Porter was at a Raceway station in Southaven around 8 p.m. that night, filling up his tank. He was aware of what had been going on in Memphis and even watching the suspect on Facebook Live.
“Somebody is just killing people out here. I mean, I was on point. I was focused, like prepared like, I just didn’t feel like he was gonna come to Mississippi,” he said.
And he didn’t know he was about to come face to face with the man police were looking for until a gray car pulled up beside him at the gas pump. He remembered it as a Hyundai, although police say it was a Toyota.
Porter said the driver pulled up very close to his Challenger on the passenger side. He said he could tell the man wasn’t there to get gas.
“He cracked the window and he approached me by saying, ‘Hey do you have percs?’” Porter said. “He was just like, loud. You know in public, asking me do I have percs or anything like that. Which I don’t, I don’t sell drugs.”
Porter says he looked in Kelly’s eyes and knew who he was dealing with.
“I mean, I was so shocked. … My heart just dropped, you know. And I just tried to run around things where he couldn’t hardly see me or get an aim or shoot at me, because I was afraid that he was going to start going back crazy because I recognized him,” he said.
Porter ran in the other direction. When he looked back, he saw Kelly ditch the gray Toyota he had been in, jump in Porter’s Dodge Challenger and speed off.
Porter went inside and told a police officer that the man they were looking for had just stolen his car. A nearby officer heard the alert about Kelly being in a Dodge Challenger on Stateline Road.
The police report says the officer saw the vehicle speed onto I-55 going north toward Tennessee.
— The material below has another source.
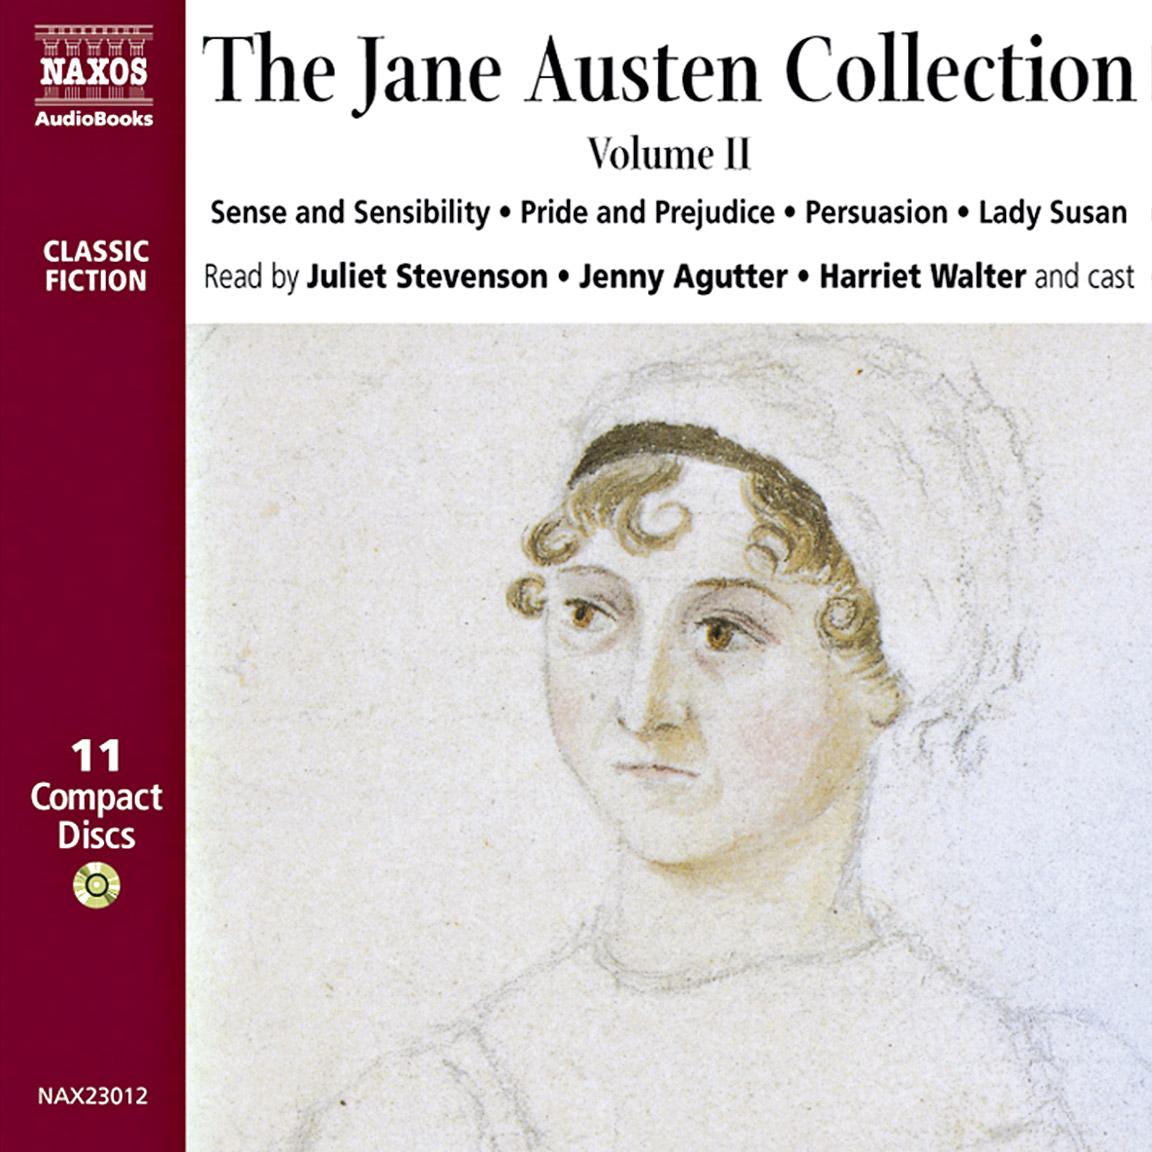 The Jane Austen Collection – Volume II (unabridged)

The officer tried to catch Kelly but lost him near the Tennessee Welcome Center.
But by then more officers were in pursuit and within minutes, Porter’s stolen car crashed and Kelly was caught.
Now, two days after the mayhem and after learning how much terror was inflicted, Porter is counting his blessings.
“I was afraid my life could have been gone. He could have pulled up and not said anything and start to shooting at me just like he did all those other people,” he said.
The thought still haunts him and makes him nervous in some public places, knowing a suspected killer had him in sight.
“I think God had his arms around me at the time. I am one of his angels. I am just thankful,” he said.
Porter’s car was totaled and is now a part of the crime investigation. He also had two loaded weapons in his vehicle when it was stolen. Police located those guns after the car crashed.